WORK REQUIRED
When you transcribe the listing that follows, keep every line exact and omit the pictures.

EXERCISE DATA
☆ ☆ ☆ ☆ ☆
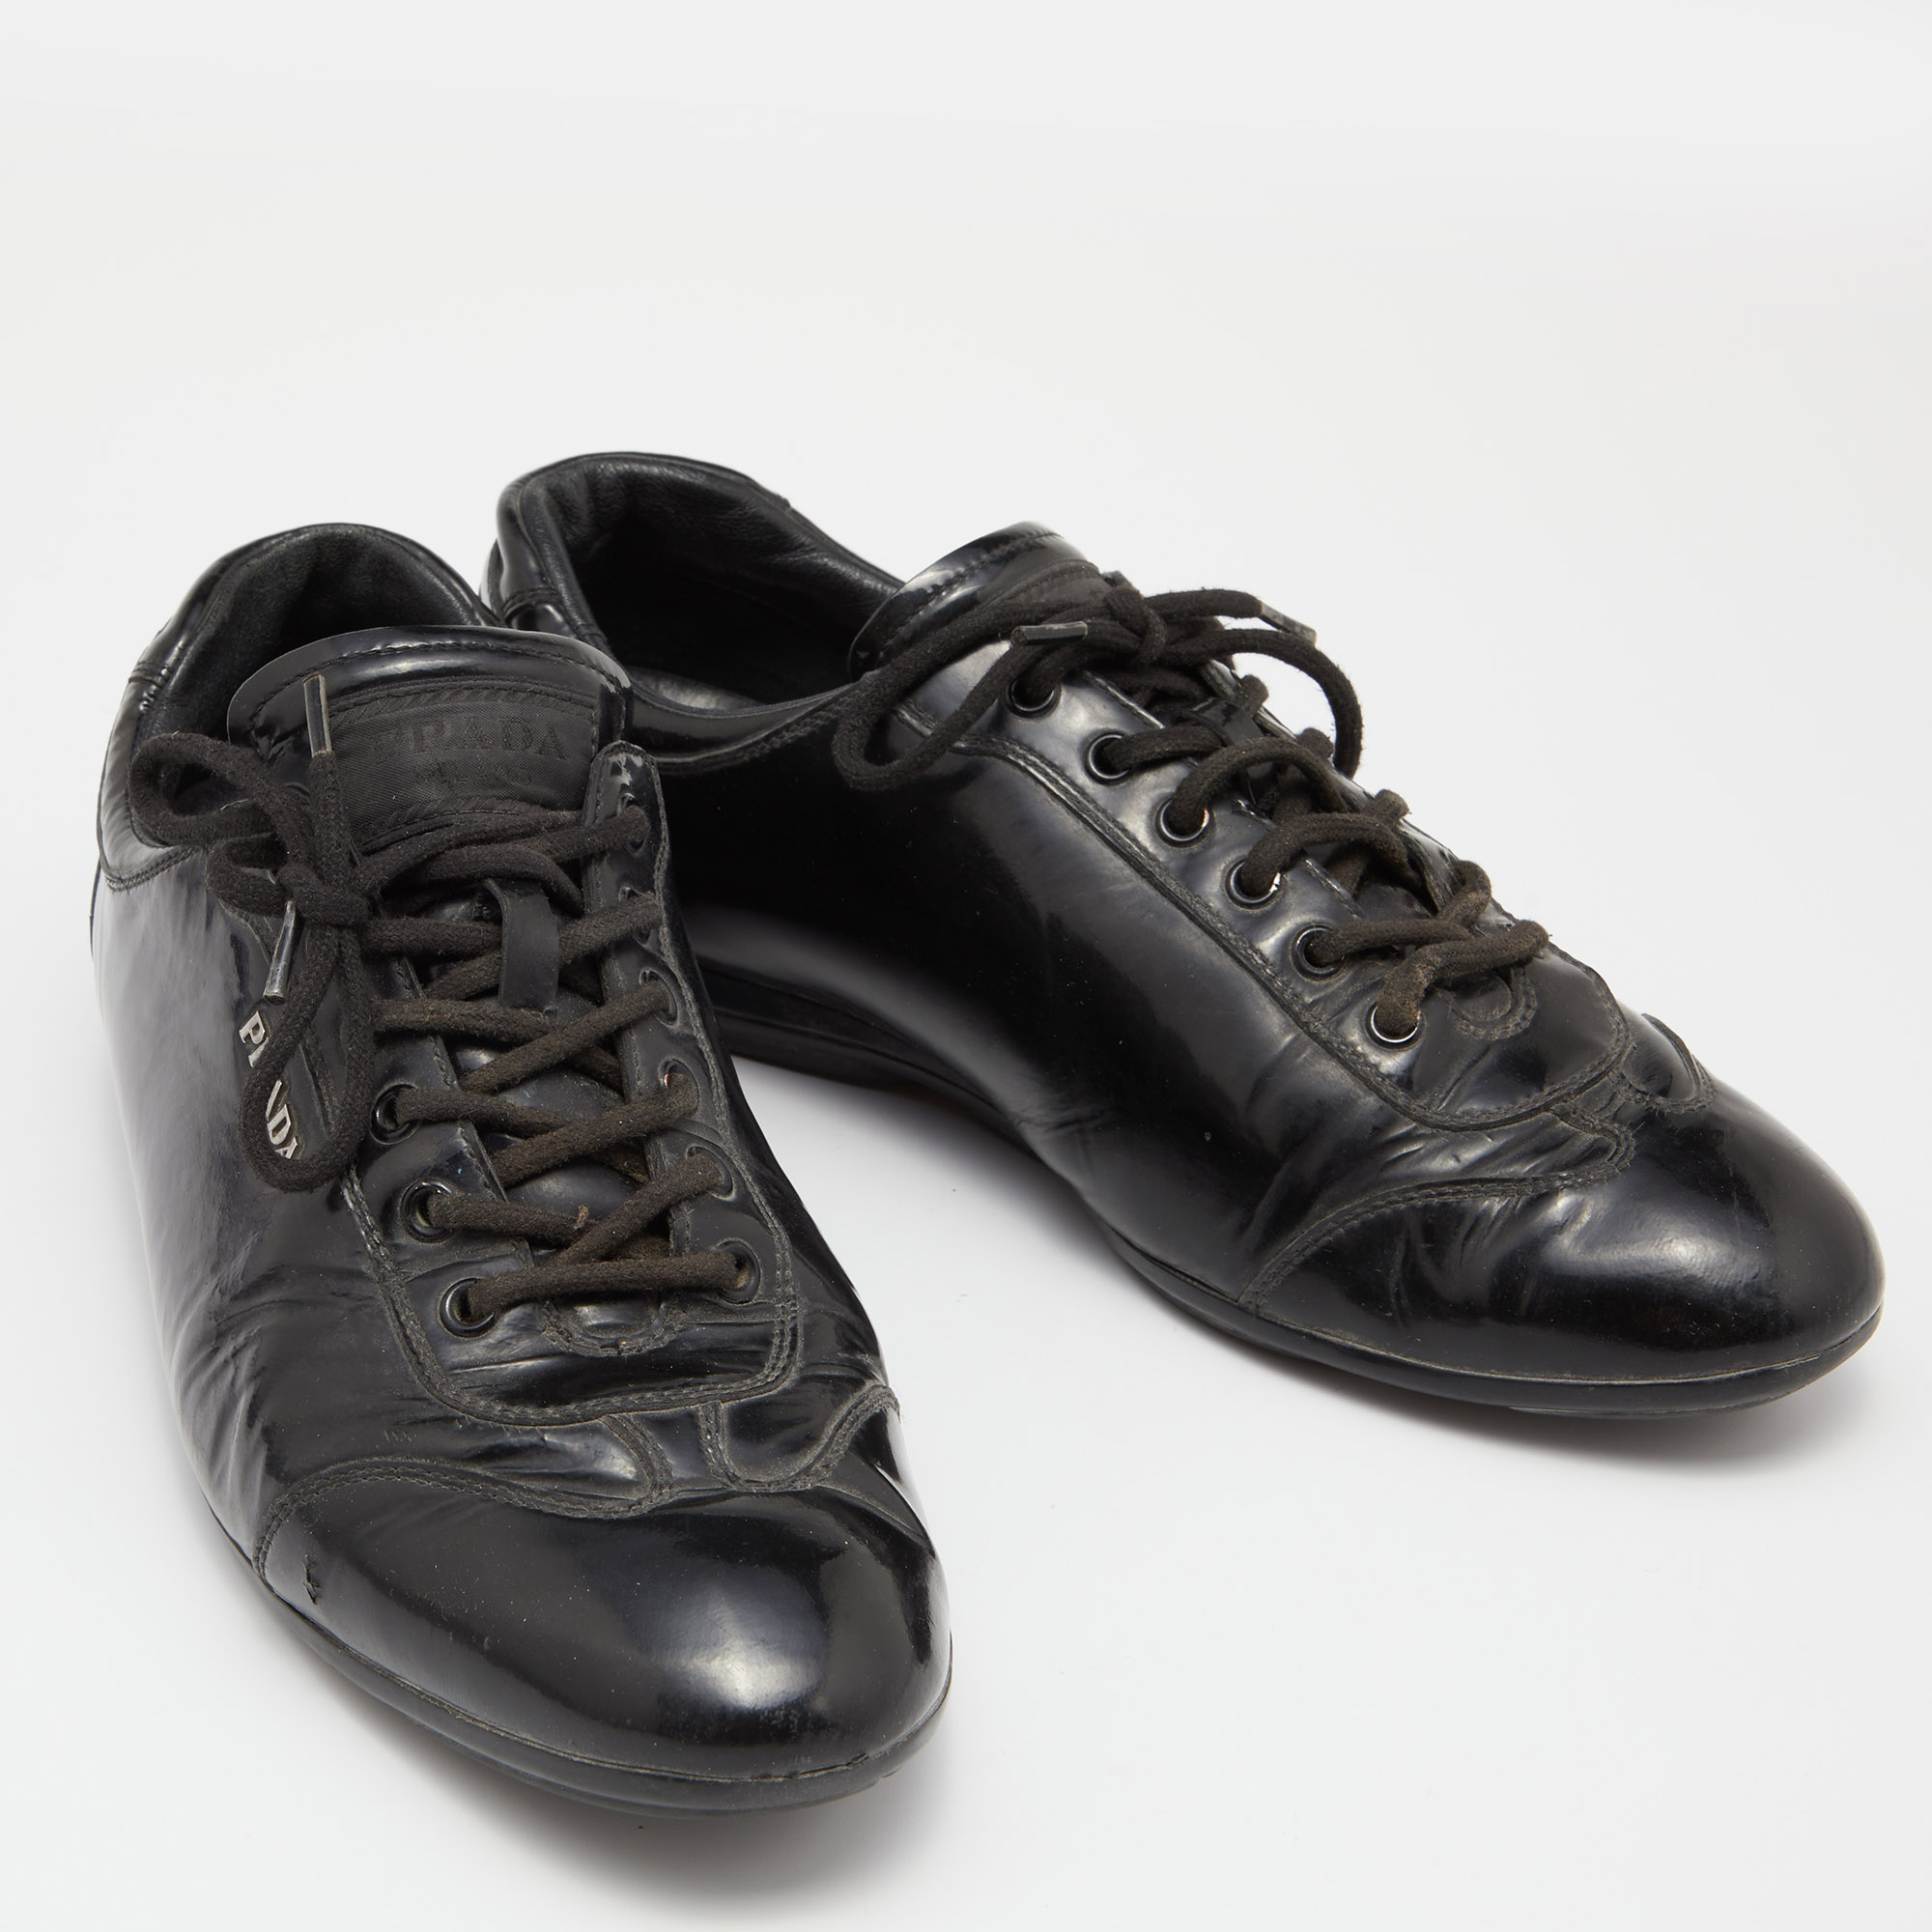 Prada Sports Black Patent Leather Low Top Sneakers Size 40
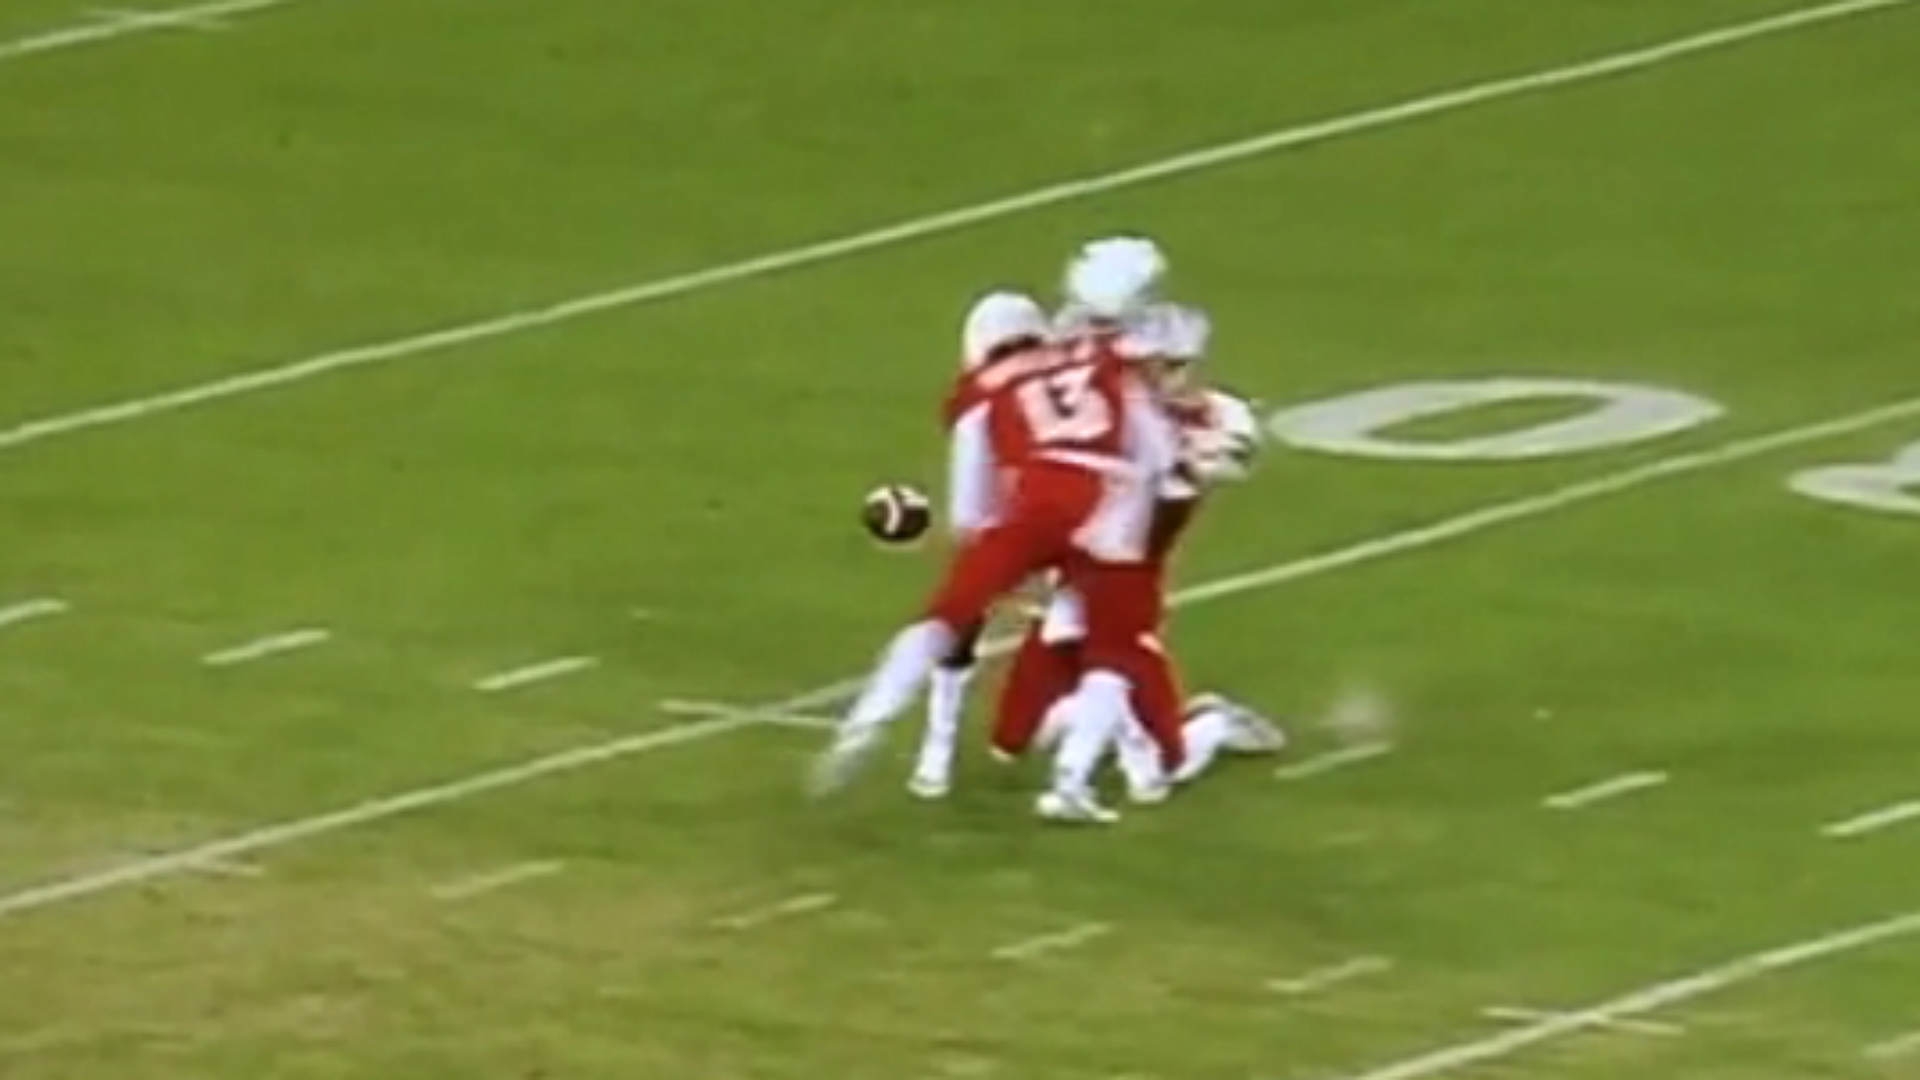 Louisville's James Burgess ejected for targeting on first play of Music City Bowl
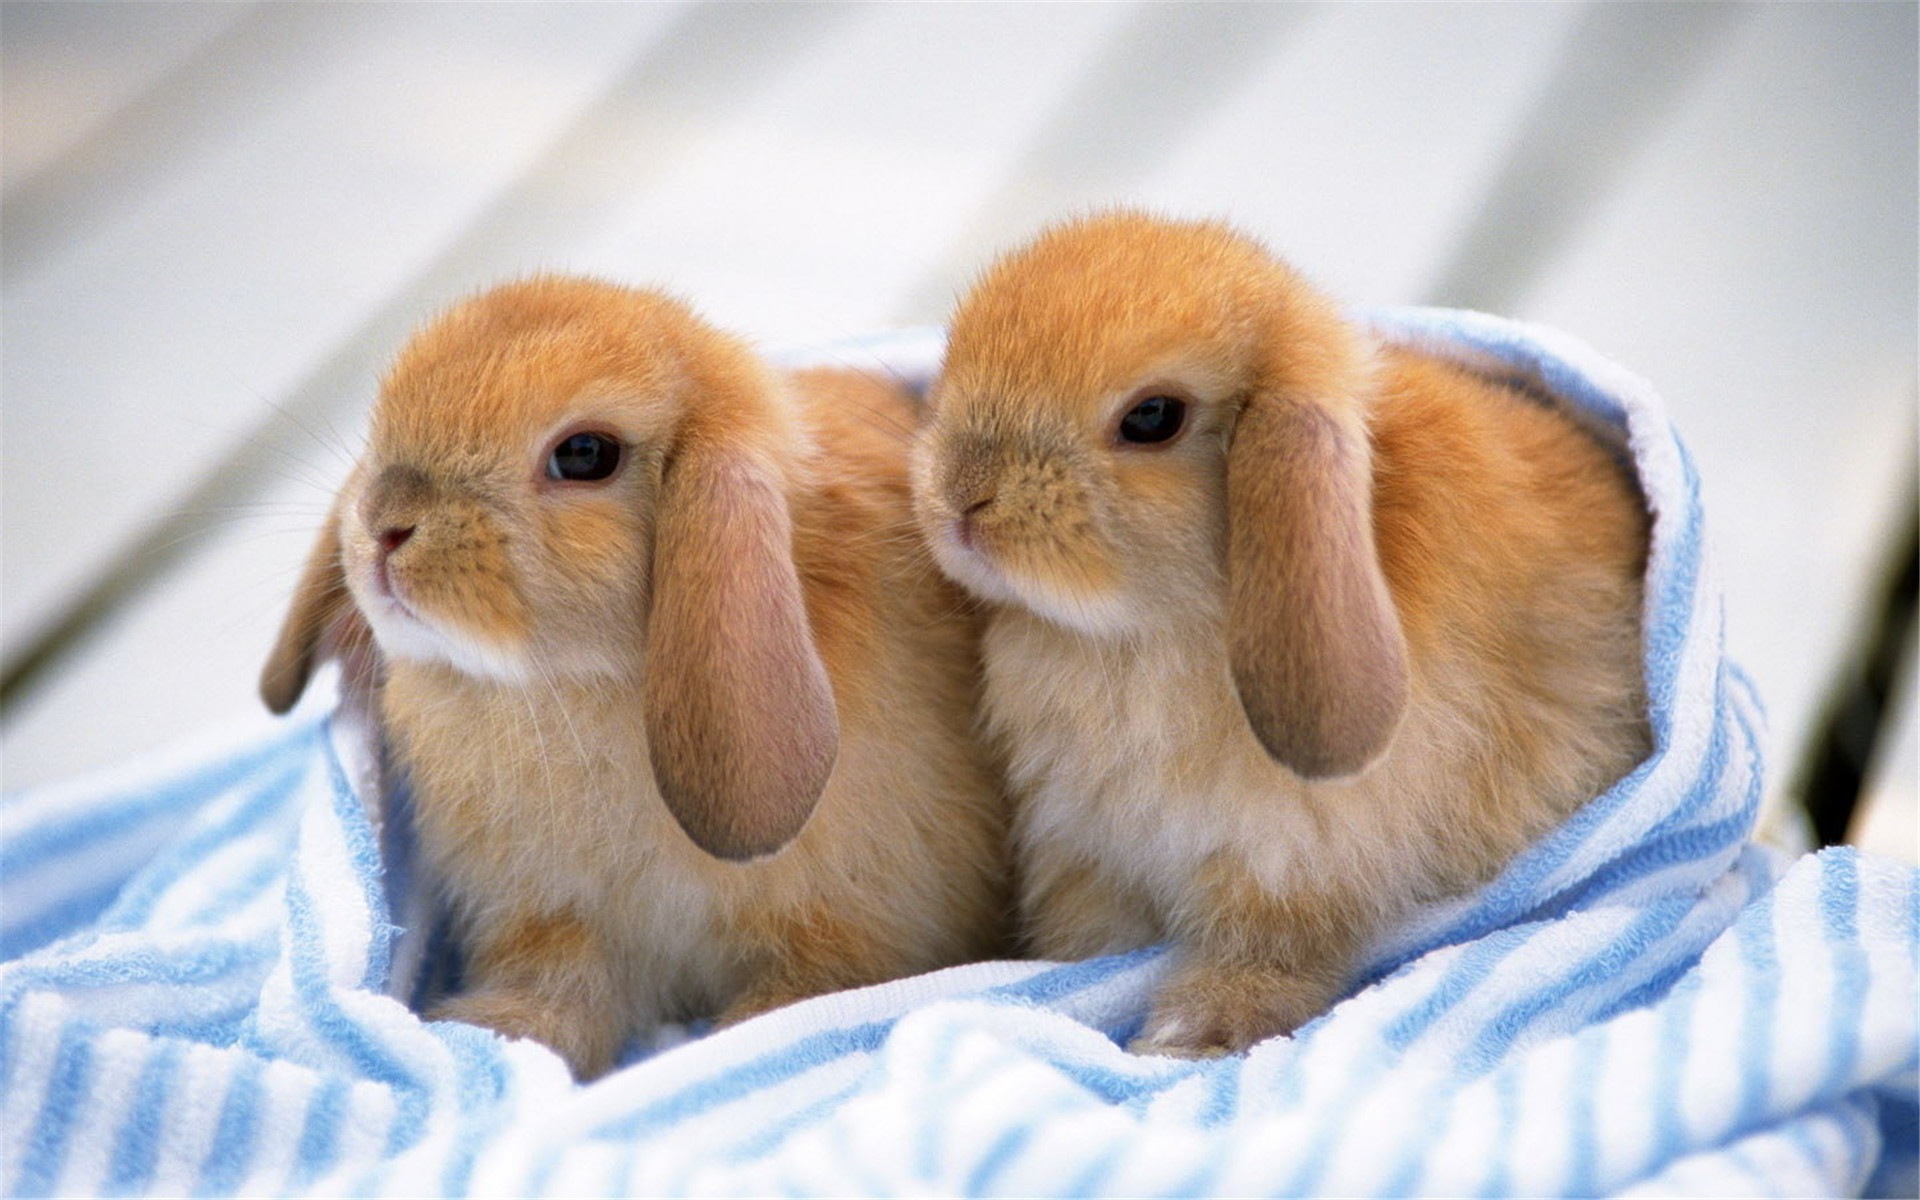 Furry animals, cute bunny HD wallpapers #11 - 1920x1200
☆ ☆ ☆ ☆ ☆
COMPLETED TASK
 Prada Sports Black Patent Leather Low Top Sneakers Size 40
 Louisville's James Burgess ejected for targeting on first play of Music City Bowl
 Furry animals, cute bunny HD wallpapers #11 - 1920x1200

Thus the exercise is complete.